Sunday, April 20, 2008

time to change

percy is growing. der, obviously, but it's sometimes more apparent than other times. i was in the attic yesterday putting away another lot of clothes she's grown out of. i'll be getting another measure of her done next week as this weekend she will be 13 months old. we visited orion and daniel on saturday, whose little son zac was born a week ago. he was nearly identical to percy in birth weight, length and head circumference. it's hard to imagine she was once that size. zac just wanted to be held by his parents, percy on the other hand was up and down the back steps, playing in the fountain, patting the dog, chasing her ball, and generally checking out orion and daniel's really lovely home (yes, i'm jealous.) i suppose it was just evident again that there is no stopping her, nor the passage of time.

due to the increasing collection of clothes in the attic, the collection in percy's cupboard is getting a bit small. we need to stock up on warm long-sleeve t-shirts and fleecey pants. i think i'll be making a trip or two to st vinnies and target this week.

we also think it might be getting to a time to make some other changes. we think percy can handle being awake for longer stretches of time during the day, tho still needs a nap morning and afternoon, and seems to sleep 11 hours at nite. she's been waking consistently at 6am after going to bed at 7pm. i don't think this is still a day light savings change hang over. plus she can have some other things in her diet now. so this is what we're thinking of moving to:
cow's milk during the day,
only formula for her "good nite" bottle,
cow's milk from a sippy cup, not a bottle,
a bed time of 7:30pm,
instead of having a milk drink after getting up from naps change this to the cows milk drink from a sippy cup with morning and afternoon teas,
lots of water throughout the day,
moving dinner back to 6:30pm because we should all be able to eat together at that time (ie paul will be home from work by then 95% of the time)
also brushing teeth after breakfast too, not just after dinner.

i think that's it. oh, and getting her happy with paul putting her to bed at nite. she's happy to go down to naps with him but so far has always been unsettled if it's anyone but me putting her to bed for the nite.
i know it doesn't sound like momentous changes. they are important ones tho. we'll work on getting them made and the new routine they entail over the next few weeks.

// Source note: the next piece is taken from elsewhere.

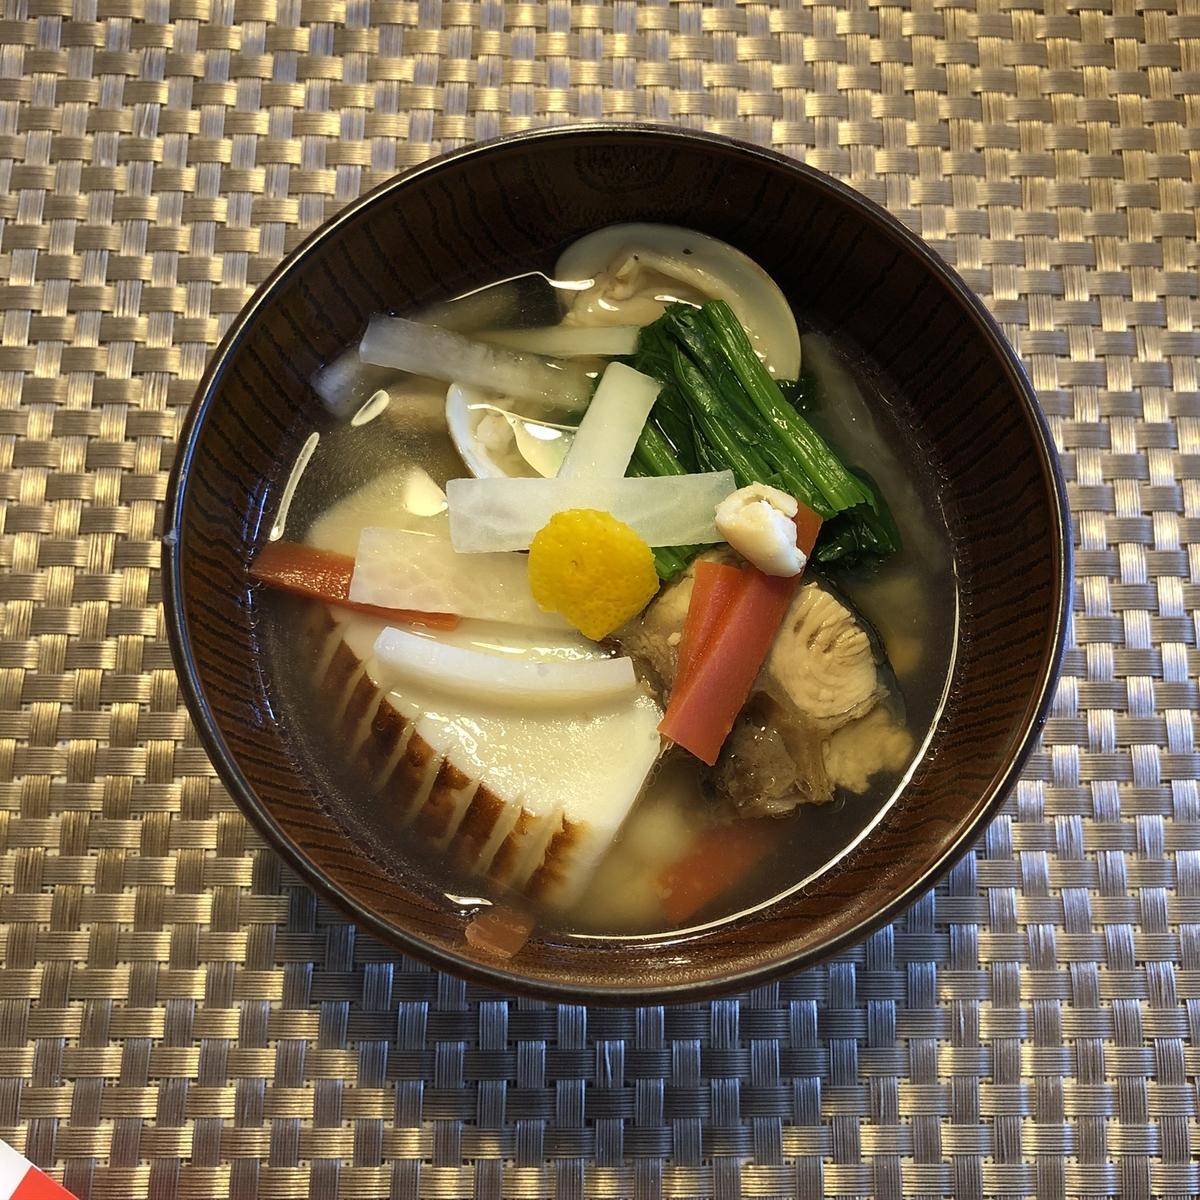 f:id:shiratsume:20200104082029j:plain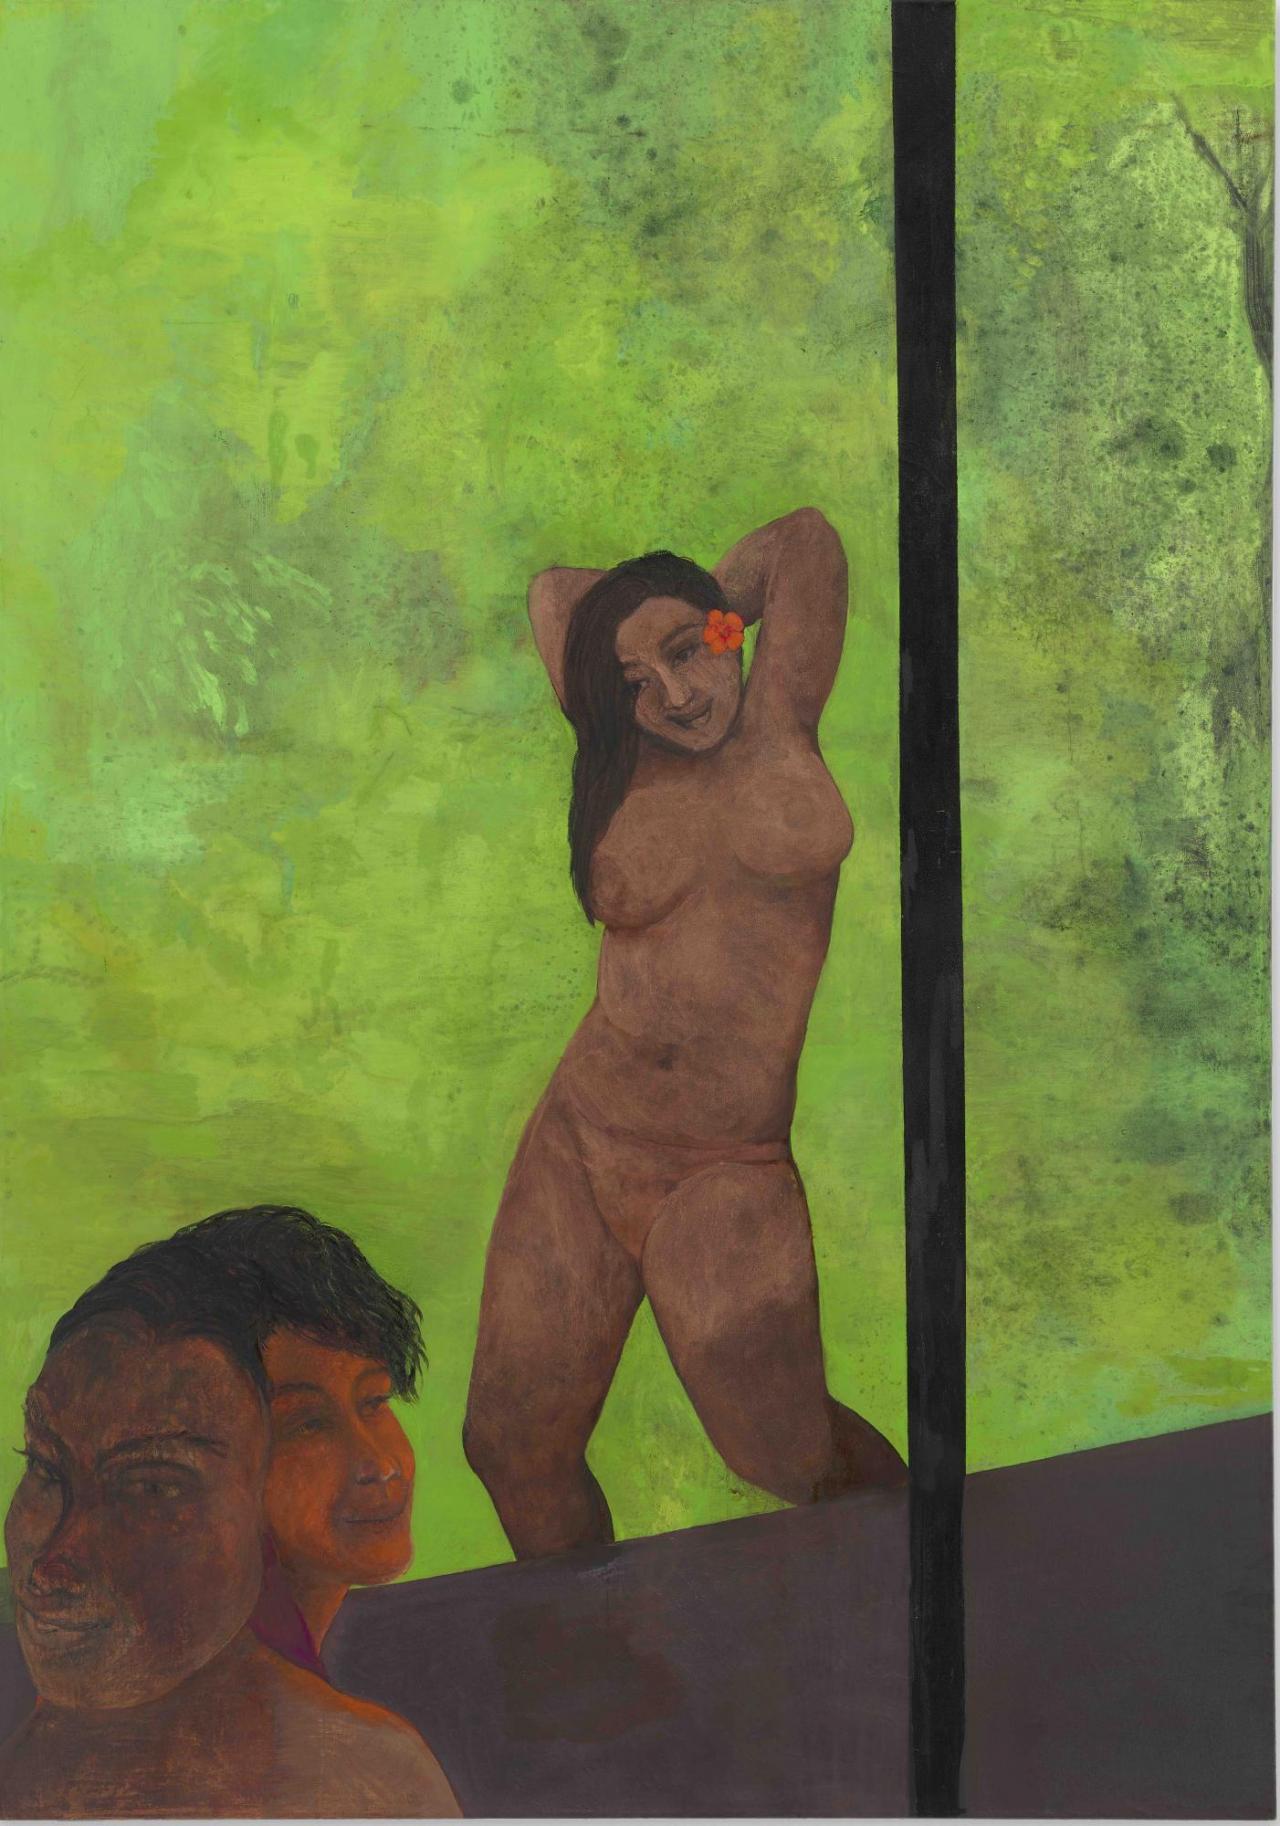 Stanislava Kovalcikova, Weight of Light , 2020, Oil and ink on canvas, 175 x 120 cm

these things are important to paul and i for our health and life too. we both want to return to our preferred exercise regimes and seeing friends out before we forget these things exist at all! i used to practice yoga everyday, right up to percy's birth. paul went to the gym or out running nearly every day of the week. i think i've got the yoga mat out half a dozen times in the last year and since returning from kiev paul's been to the gym probably six times too.
what to do?! i've joined a new gym just up the road that has yoga and pilates classes at 7:30pm weekdays and mid-morning on weekends. yoga really is best done at first rising in the morning, since i can't manage that, evenings will be okay. if we sort out getting percy to day care in the mornings, hopefully paul can get to the gym or run some mornings, or go at lunch time.
all we need now is reliable baby sitting and we may make evenings out together too! what a luxury. i'm really looking forward to one day sitting in a darkened cinema holding paul's hand and kissing and giggling like teenagers again- who cares about the movie!

i should clarify something here... it's not that we haven't had offers of baby sitting. up until the last 6 or so weeks all i've wanted to do in the evenings is sleep. this is because percy would wake so thru the nite and we'd be zombies the following day. eleven and some months of this and i think anyone would just want to lie down to snooze constantly. even these recent weeks haven't been consistently 'percy into bed, not to hear from her until morning.' probably three nites out of seven we have to spend time settling her at 7pm, or later on, or both. i will not force that responsibility or worry on someone else. i really doubt anyone other than paul or i could comfort her to sleep anyways. without us i predict she'd just ramp up and up on the screaming and squirming. i won't let that happen. so we are working our way steadily to more rest and relishing life that may soon be, on occasion, separate from little miss. all in good time.